Furthermore, heterogeneities in prior treatment exposure, underlying health status, patient adherence, and patient preferences about treatment, could have substantial effects on outcomes which must be taken into consideration; these and other unknowable factors could have directly or indirectly contributed to the high rates of switching and discontinuation of early lines of HAART in women in the WIHS. For example, toxicities have been reported as an important reason for discontinuation of therapy,
and a study by Ahdieh and colleagues reported that women were twice as likely as men to discontinue HAART because of toxicities.

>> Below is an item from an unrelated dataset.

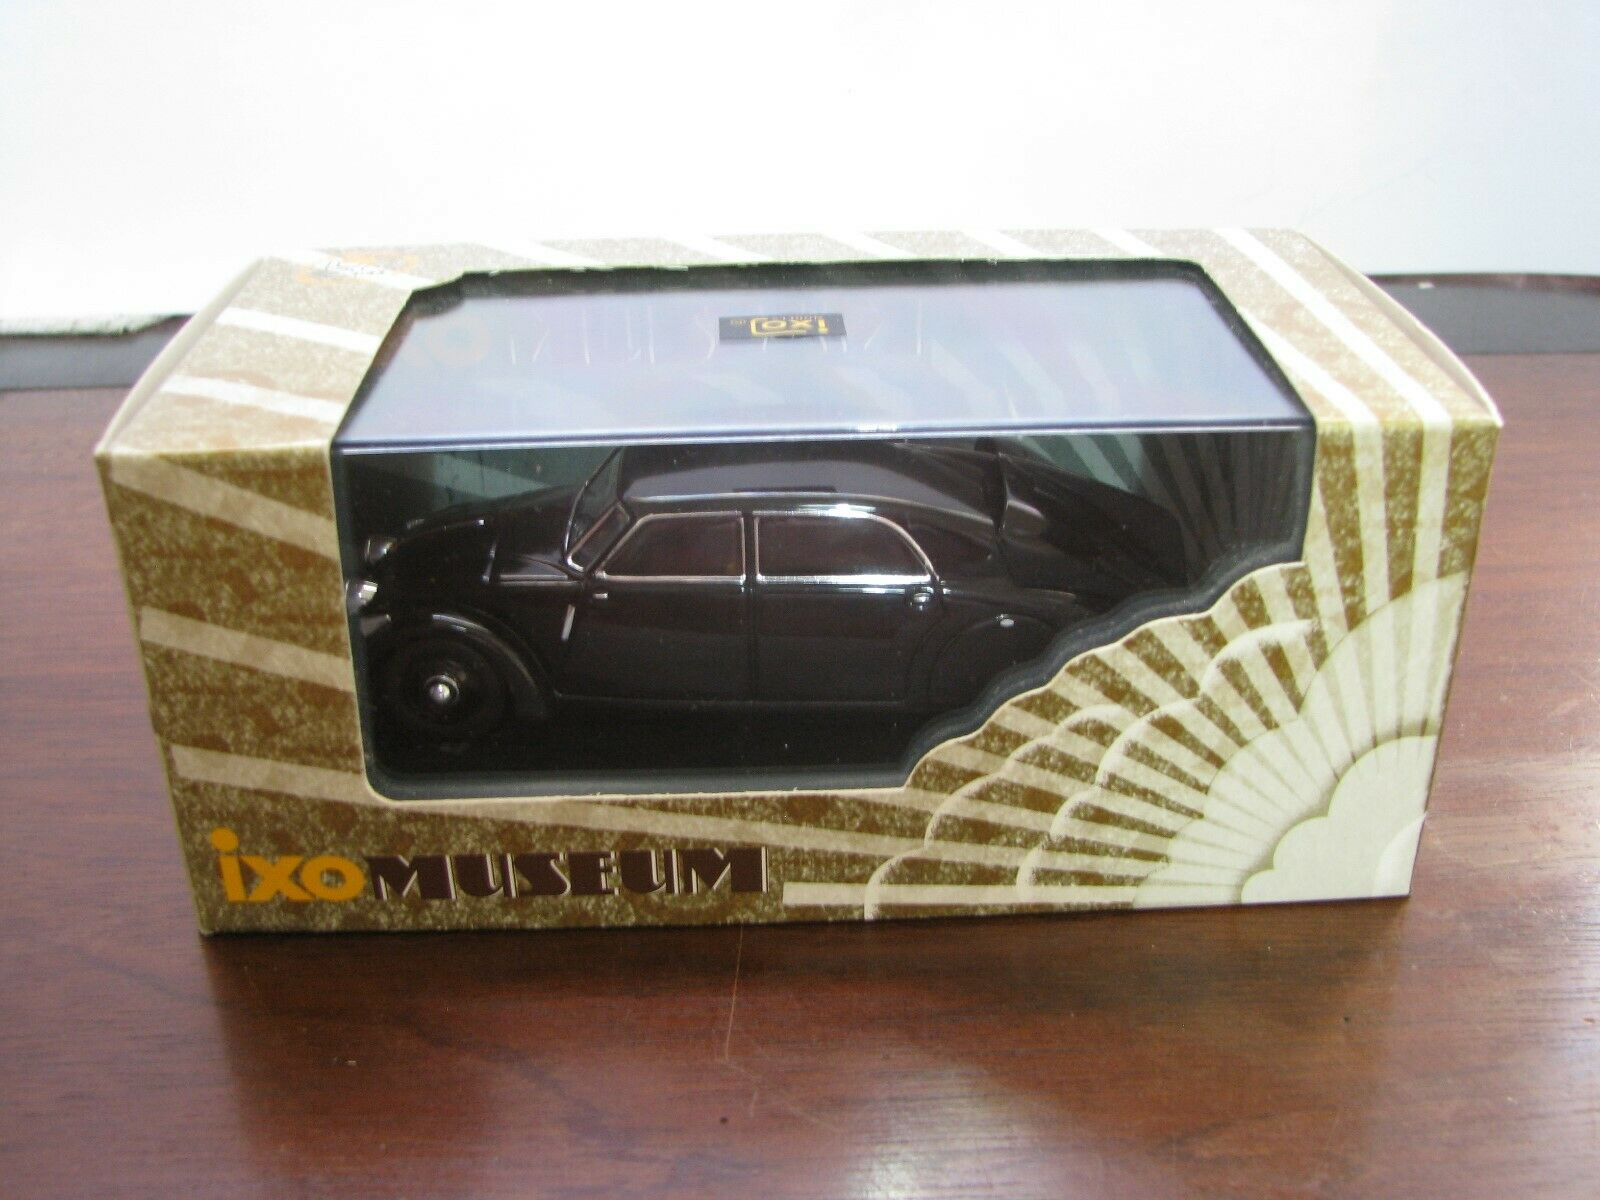 1 43 diecast cars IXO Museum Tatra 77 77 77 8aa2ac

Third, treatment regimens could not be simulated with complete accuracy. Between the period of April 1996 and September 1996 there were roughly 13 unique HAART regimens used in the WIHS, with 25% of women taking the most common regimen which consisted of zidovudine, lamivudine and indinavir.
However, by the year 2000, there were 171 unique HAART regimens reported in the cohort, with fewer than 15% of women taking the most common regimen of stavudine, lamivudine and nelfinavir.

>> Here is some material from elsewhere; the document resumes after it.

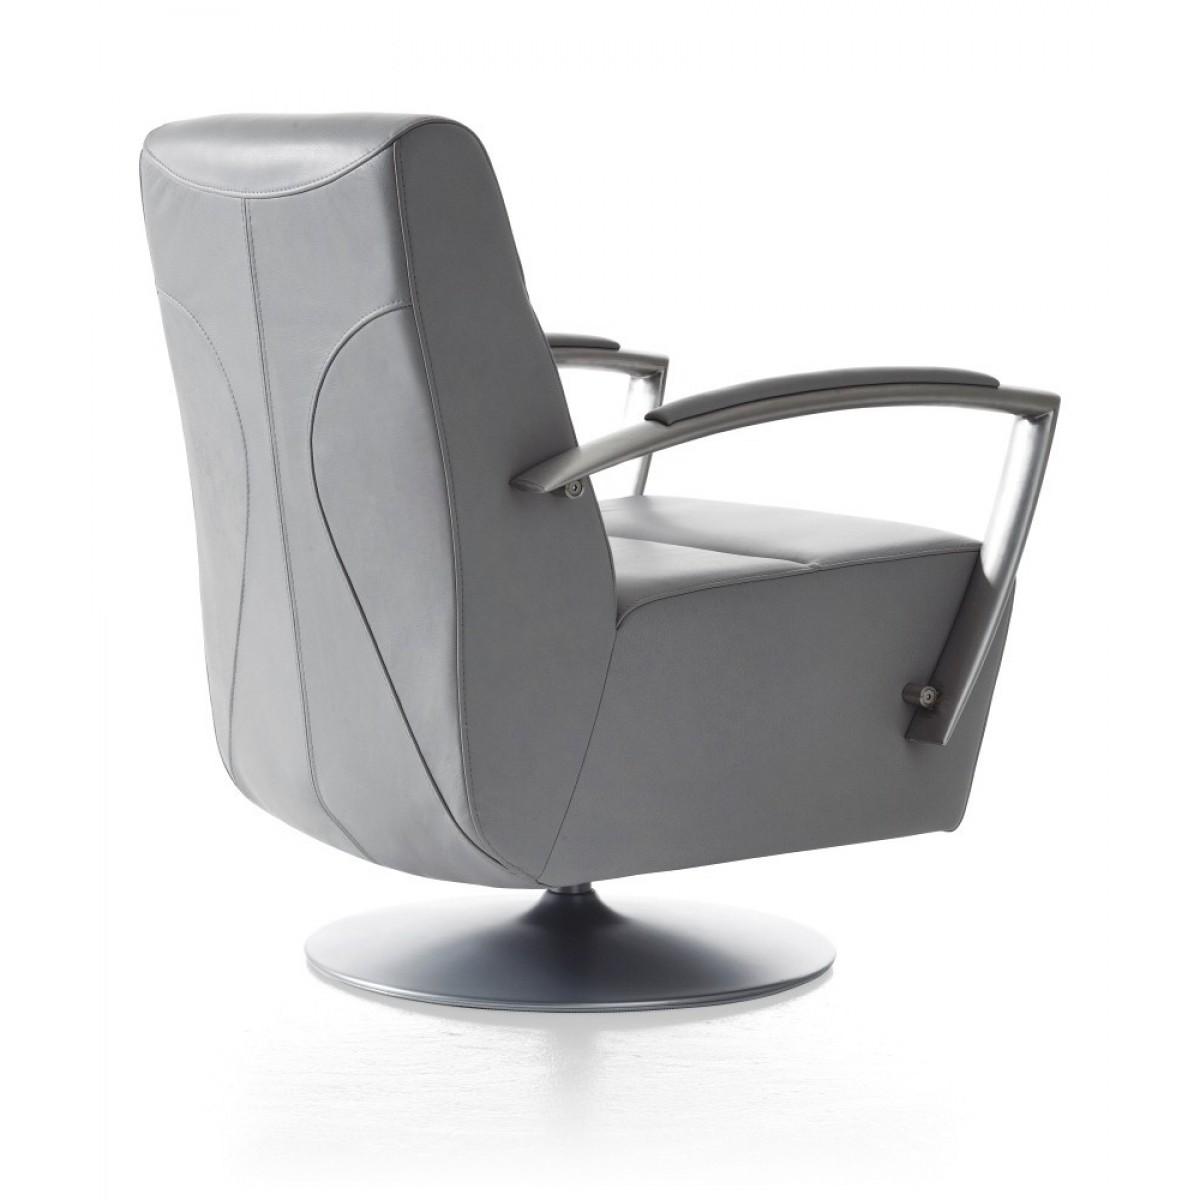 lagos-draai-fauteuil-stof-leer-achter

We attempted to account for HAART era effects on treatments used by using values representative of commonly-used regimens for the given time period during which the WIHS treatment data were collected.
However, we recognize these assumptions were at best approximations of the actual range of regimens used.
We emphasize that this analysis is not intended to be a representation of the current treatment environment, where there have been substantial improvements over time in response to treatment, both in terms of drug efficacy and reductions in treatment failure, in addition to decreases in drug toxicity.
Rather, the purpose of these exercises was to assess whether the model could produce results consistent with the data used to parameterize the model (i.e., internal consistency and validity), and could simulate a specific cohort such that outcomes were consistent with independent data from that cohort. Using this same model to simulate access to contemporary treatment strategies in HIV-infected women in the United States today, we found the projected life expectancy in women with a mean CD4 cell count of 350/µl, exceeded 250 months (>21 years) given 5 lines of therapy and assuming initiation of HAART at a CD4 cell count of 350/µl. Simulations using a higher CD4 cell count threshold for treatment and/or a greater number of contemporary treatment regimens are likely to project even longer life expectancies.
Exercises that involve iterative assessment of model performance can provide information about the relative influence of different uncertain assumptions, illuminate unexpected synergies between parameters, and provide insight into particular heterogeneities within and between cohorts. When data are available to allow for exercises like those described here, they can be used to assess model performance; descriptive analyses of the process taken to do so can contribute to a dialogue about different approaches that are taken by analysts to assess model process and model structure uncertainty.